Before we explain any more about Skyline or how we built it, let’s make sure you’re familiar with the GitHub CLI. Through a command line interface (CLI), you can interact with applications or the operating system in a text-based interface via your terminal. In other words, the GitHub CLI brings GitHub to your terminal and other locations where you can run command line scripts, like automated processes such as GitHub Actions. Once you’ve authenticated, the CLI can interact with a number of the core parts of GitHub, like Issues, Pull Requests, Codespaces and Actions workflows. But you’re not just limited to the commands available directly from the GitHub CLI. It’s designed to be extensible so that you can create your own GitHub CLI extensions.
GitHub has built many GitHub CLI extensions including gh-copilot, gh-gei, and gh-models, but we’re not the only ones building them. There’s a whole community of GitHub CLI extension authors, so why not take a peek at their work? gh-skyline is just one of many extensions that you can use in the GitHub CLI.
You’ll first need to have the GitHub CLI installed to get started with the GitHub Skyline CLI. You can find out more about that here.
Once you have authenticated into the GitHub CLI, you can then install gh-skyline
. To do this, run the following command in your terminal:
gh extension install github/gh-skyline
Once complete, you should receive a message that the github/gh-skyline extension installed successfully. Now you can execute gh skyline
in your terminal to generate the 3D version of your contribution graph, as well as an ASCII art representation while you wait! By default, it will render the current year. (I don’t know about you, but I’m still putting 2024 at the end of my dates.) You can also pass the year parameter to look back at a specific year, like gh skyline --year 2024
. There are several more flags available, and you can review the README to explore further.
💡 Thought: While you’re there, why not star the repository so you can keep track of the project? Or even better, contribute an idea through a feature request, bug report, or make some code contributions! We’ve already had several excellent community contributions. 🙏 |
We’ve published many posts about how we use GitHub to build GitHub, including How GitHub uses merge queue to ship hundreds of changes every day, How GitHub uses GitHub Actions and Actions larger runners to build and test GitHub.com and How we build containerized services at GitHub using GitHub.
💡 Tip: Like these types of posts? Check out more by browsing the “How GitHub builds GitHub” tag on our blog! |
We know that many developers take pride in their contribution history and like to have something to show for that. So we also knew from the outset that we wanted to open source the codebase so the community can learn from it and contribute. That goal shaped several of the decisions we made when setting up the repository. Let’s walk through the development lifecycle to learn how and why we used various GitHub services.
GitHub Codespaces simplifies development by enabling you to provision an environment configured with the tools you need to complete your task. Codespaces are configured using a devcontainer, so you can specify the underlying container image in use, Visual Studio Code extensions, or post-creation steps that you may need as part of the creation process.
The gh-skyline devcontainer was configured with:
Remember that making gh-skyline open source was a key goal that we set off with. GitHub Codespaces are incredibly helpful with this because they lower the contribution barrier by providing a consistent development environment that is easy to set up and use, all with a click of a button.
Contributors can get started quickly and focus on a new code contribution rather than spending time configuring tools and dependencies for their environment. (As an aside, you may be interested in learning how GitHub used GitHub Codespaces to bootstrap a GitHub.com development environment and reduce the timeframe from 45 minutes to 5 minutes, and then from 5 minutes to 10 seconds.)
Copilot Chat has been my preferred way of working with GitHub Copilot since the feature was introduced. Acting as a rubber duck, it allows me to explore ideas, and I use it as a thought partner.
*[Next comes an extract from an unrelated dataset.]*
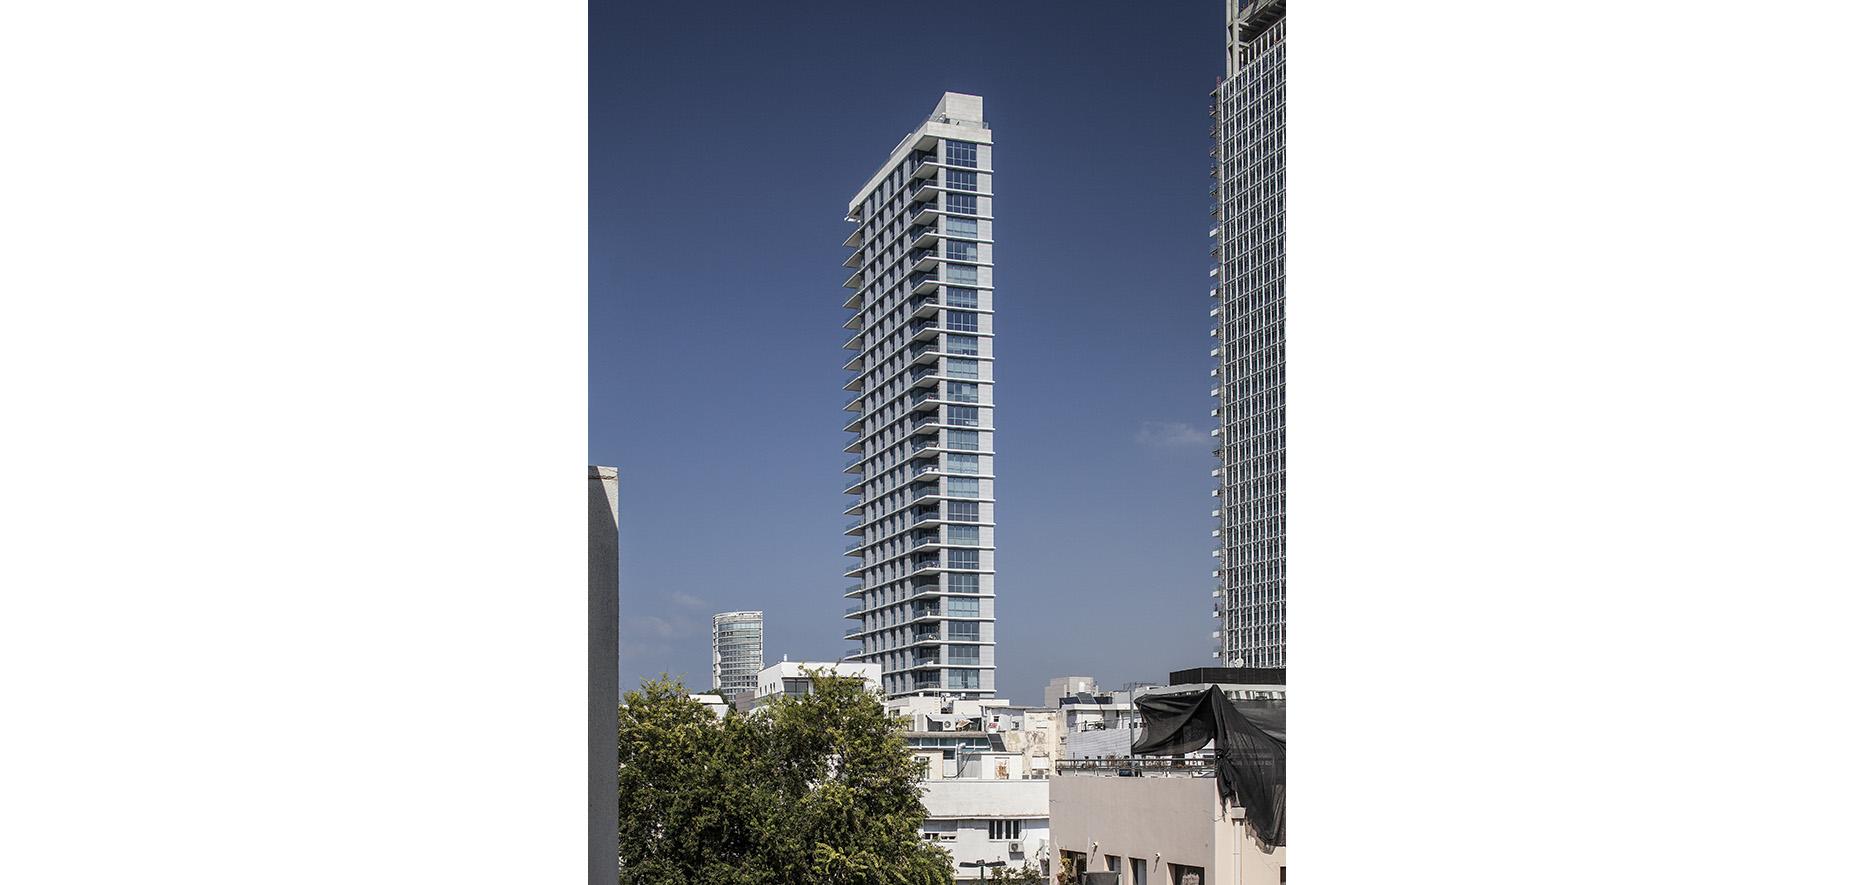 Rothschild_30_Tower_Tel_Aviv_planned_By_Kolker_Epstein_Architects4

For example, when exploring different approaches to structuring types and packages or tackling core programming decisions like whether to use a pointer or pass an object directly. Instead of reviewing documentation, community discussions, or Q&A threads, Copilot provides contextual guidance within the project, offering suggestions for me to consider and iterate on.
💡 Tip: In December 2024, we announced a free tier of GitHub Copilot. Check out the blog for more details and how you can get started! |
While Copilot Chat enables me to explore ideas, Copilot Edits helps “execute” those ideas by making changes on my behalf. Many times, I’ve pointed it in the general direction of the changes I wanted to make, provided the appropriate context, and it made the changes for me.
Setting coding standards with tools such as linters is important because it ensures code consistency, readability, and helps catch potential errors early in the development process. gh-skyline has several linters configured, but that occasionally meant needing to iterate on code changes to align to those standards.
Some of those suggestions could be fixed by passing in a --fix
or --write
parameter, depending on the tools and errors, but some of them had to be resolved manually.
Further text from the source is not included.